Second Appellate District, Division Five, B298794, Los Angeles County Superior Court, BS173698, James C. Chalfant, Judge Greenberg Traurig, Colin W. Fraser and Cris K. O’Neall, Irvine, for Real Party in Interest and Appellant.
McDermott Will & Emery and Charles J. Moll III, San Francisco, for Charles J. Moll III as Amicus Curiae on behalf of Real Party in Interest and Appellant.
Lamb and Kawakami, Renne Public Law Group, Thomas G. Kelch, Michael K. Slattery; Mary C. Wickham and Rodrigo A. Castro-Silva, County Counsel, Nicole Davis Tinkham and Peter M. Bollinger, Assistant County Counsel, Richard Girgado and Justin Y. Kim, Deputy County Counsel, for Plaintiff and Respondent.
Jennifer B. Henning for California State Association of Counties and the California Assessors Association as Amici Curiae on behalf of Plaintiff and Respondent.
Ajalat, Polley, Ayoob & Matarese, Richard J. Ayoob, Christopher J. Matarese and Gregory R. Broege, Glendale, as Amicus Curiae.
Xavier Becerra, Attorney General, Tamar Pachter, Assistant Attorney General, Karen W. Yiu and Heather B. Hoesterey, Deputy Attorneys General, for California State Board of Equalization as Amicus Curiae.
Article XIII A of the California Constitution, added by Proposition 13, strictly limits increases in the assessed value of real property unless the property undergoes a "change in ownership." (Cal. Const., art. XIII A, § 2, subds. (a), (b); see Citizens for Fair REU Rates v. City of Redding (2018) 6 Cal.5th 1, 10, 237 Cal.Rptr.3d 179, 424 P.3d 268.)
A change in ownership generally occurs with a transfer of real property. In a typical real estate transaction where one party transfers real property to another, there is unquestionably a change in ownership as title passes from the transferor to the transferee. Whether there has been a "change in ownership" in transactions involving a legal entity, however, is a more complex issue that can give rise to certain anomalies. If individual owners transfer real property to an entity they own, for example, it can be argued that the transfer has not caused a change in underlying "ownership," but merely a change in the form of holding title. Likewise, when there is a significant change in the ownership of a legal entity, it can be argued that this causes a change in ownership of the entity’s real property despite no change in title.
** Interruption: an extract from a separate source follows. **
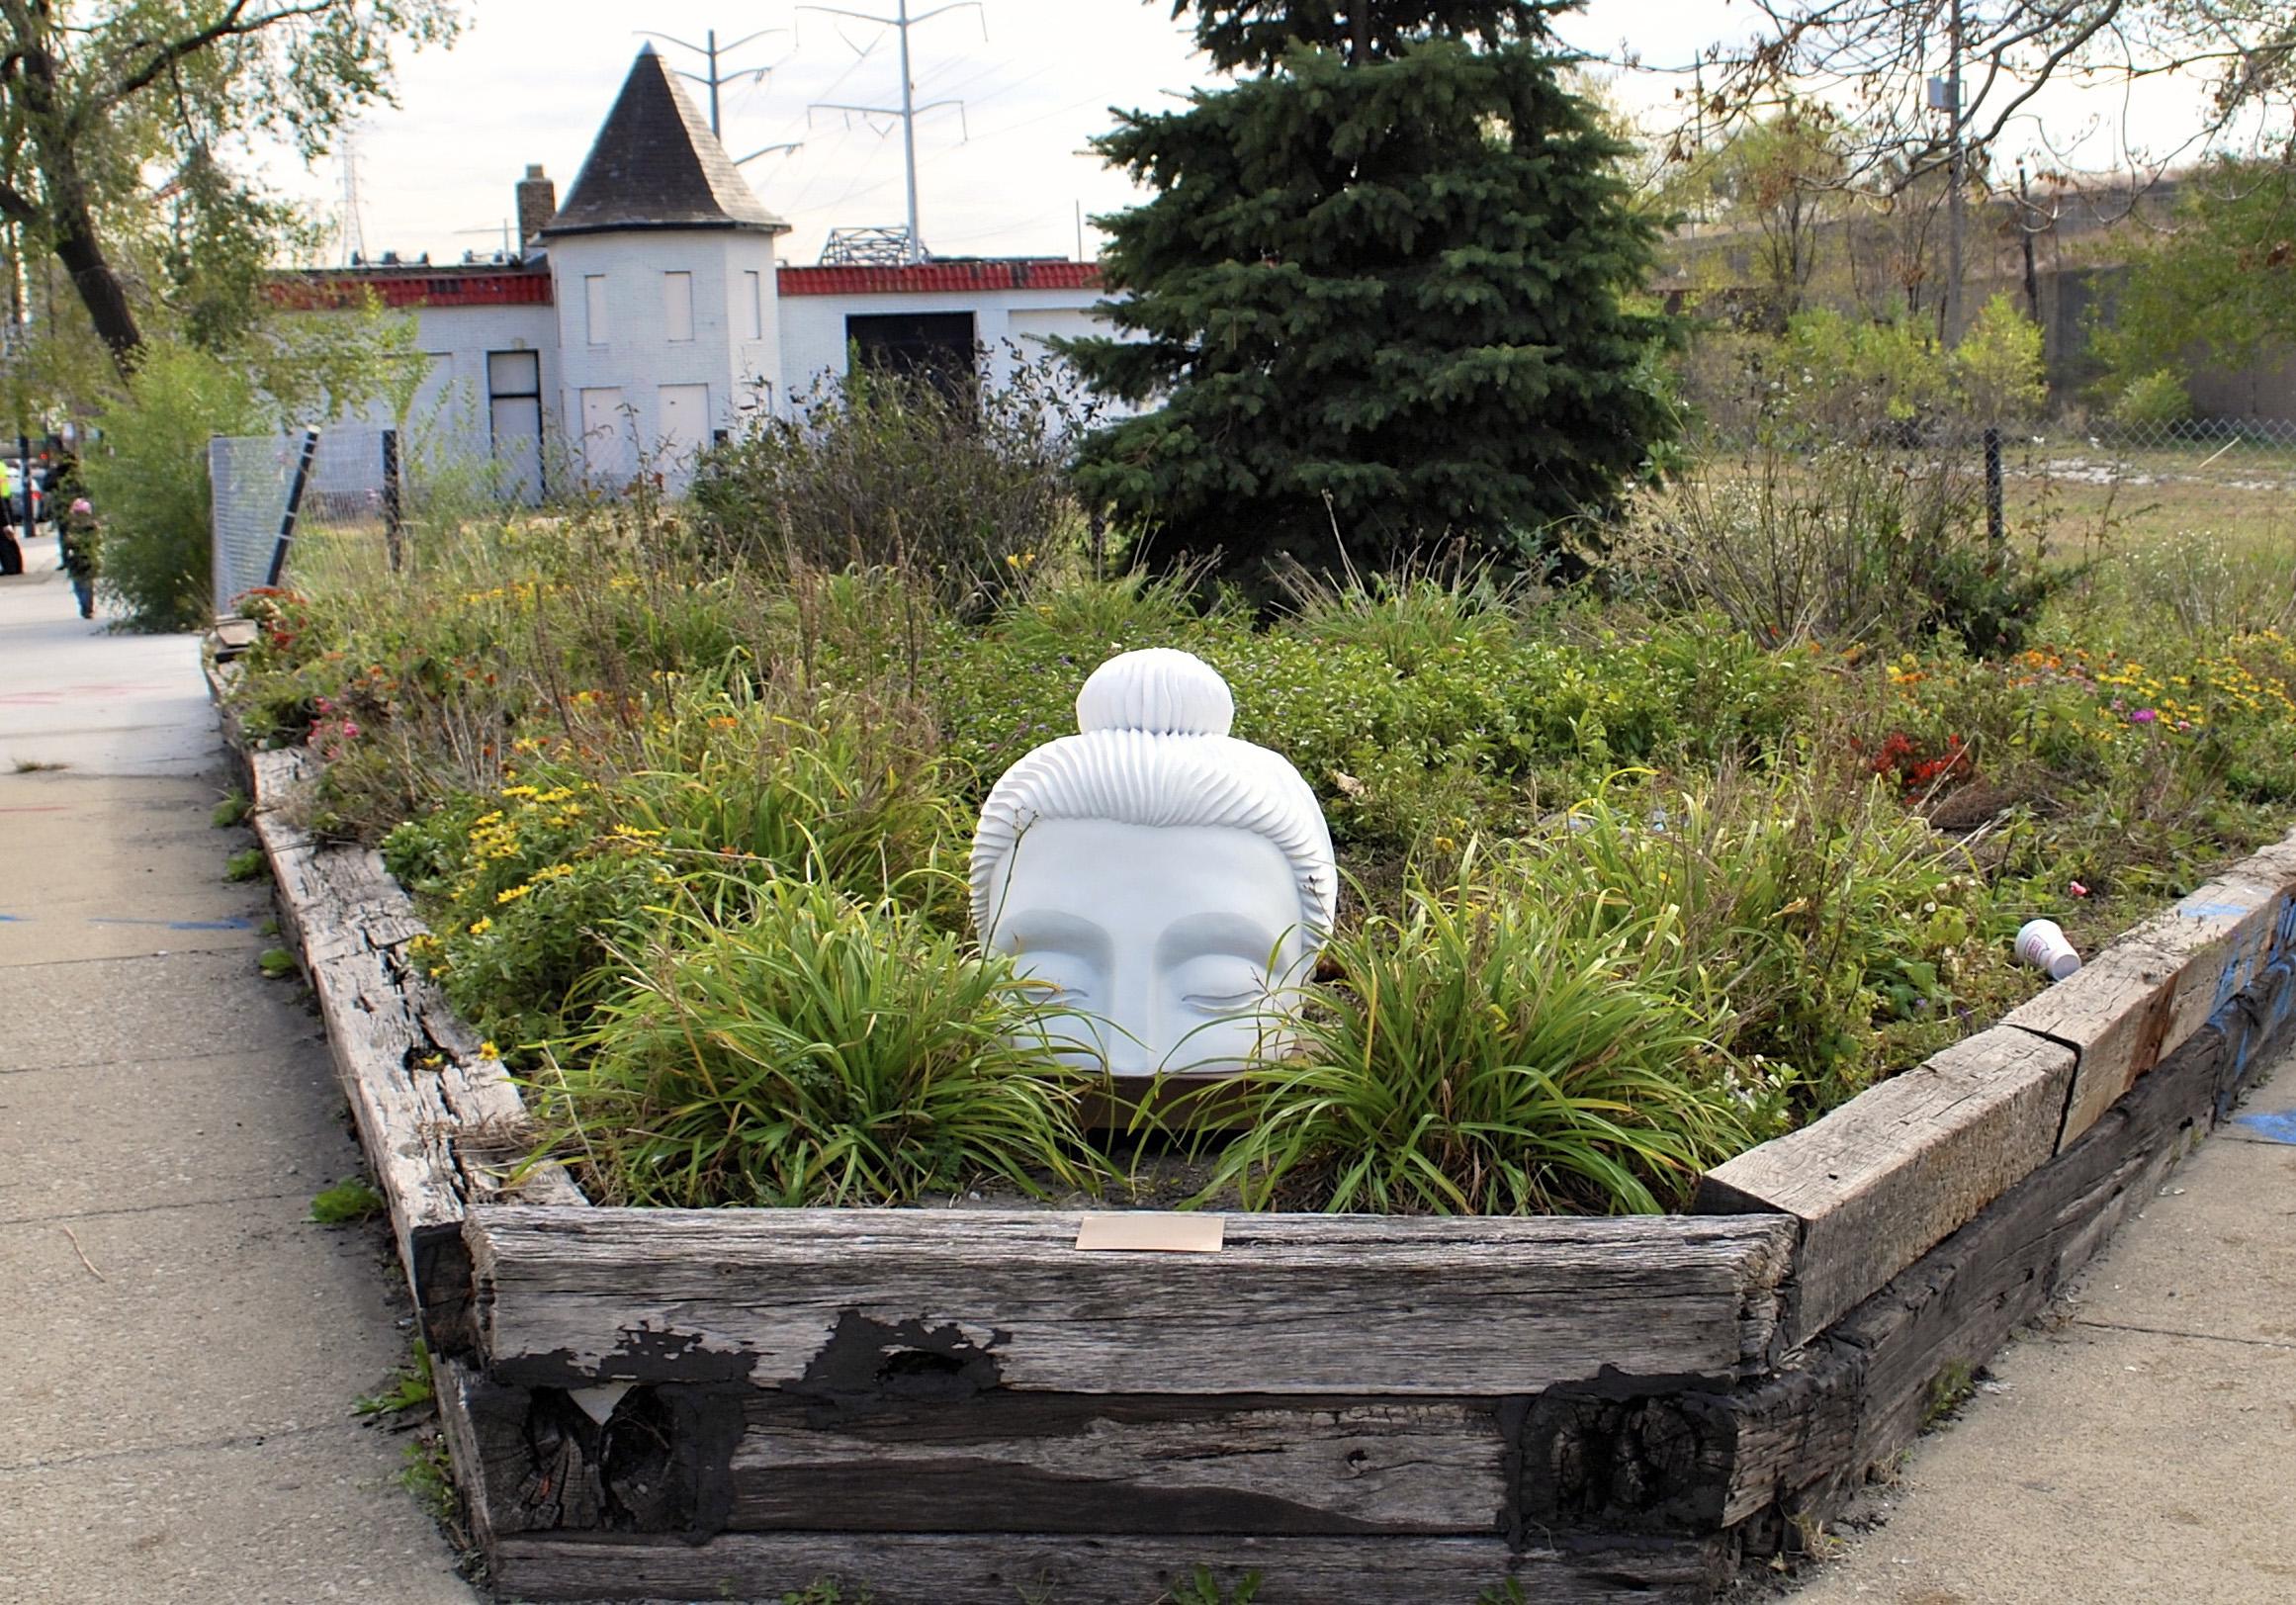 A Buddha sculpture in South Chicago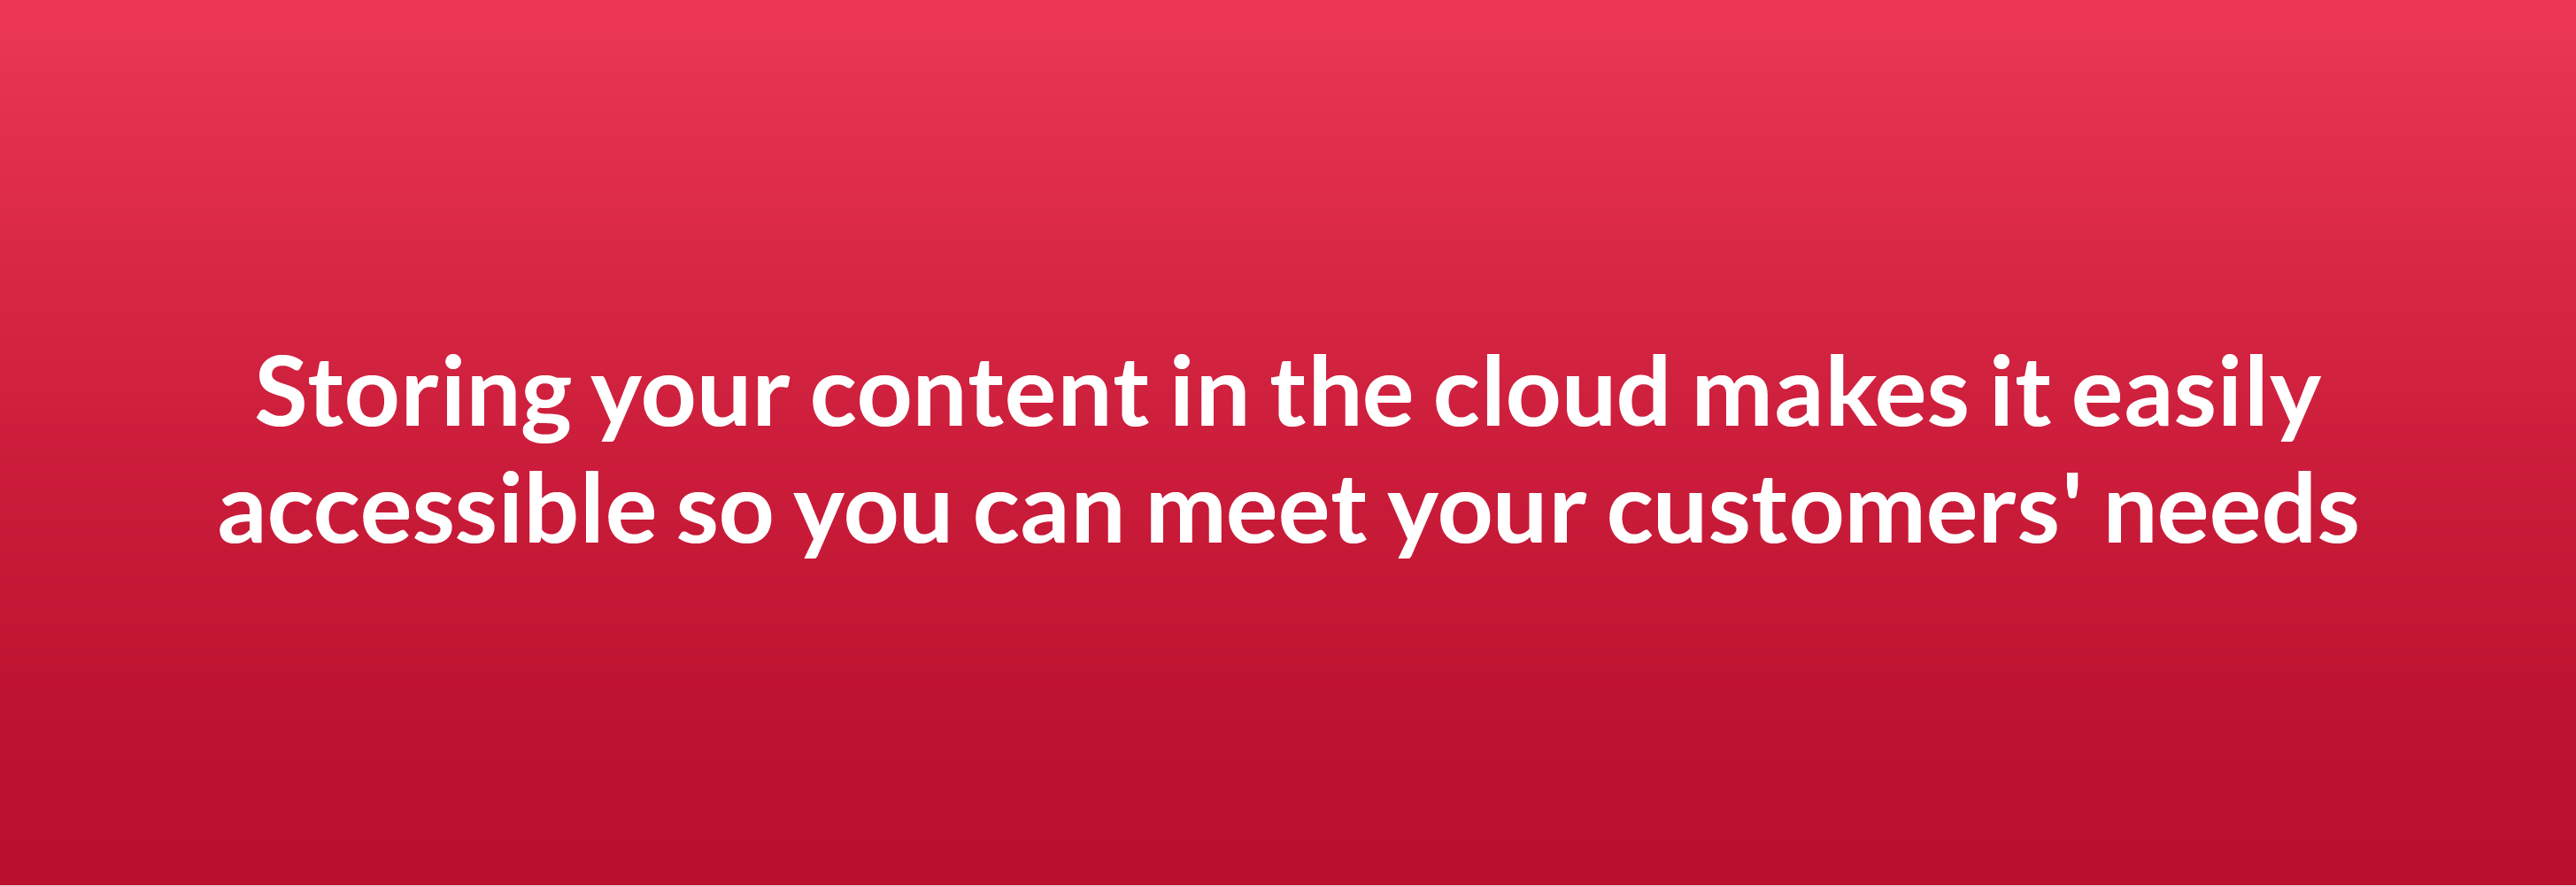 Storing your content in the cloud makes it easily accessible so you can meet your customers' needs

In enacting a statutory scheme to implement Proposition 13, the Legislature sought to account for these anomalies. It also chose to adopt different rules to govern these different situations. Governing the transfer at issue here, Revenue and Taxation Code section 62, subdivision (a)(2)1 identifies property transfers that, although they result in a change in title, nonetheless do not constitute a "change in ownership." The statute excludes from change in ownership any transaction involving a legal entity that "results solely in a change in the method of holding title to the real property and in which proportional ownership interests of the (transferors and transferees, whether represented by stock, partnership interest, or otherwise, in each and every piece of real property transferred, remain the same after the transfer." (§ 62, subd. (a)(2), italics added.)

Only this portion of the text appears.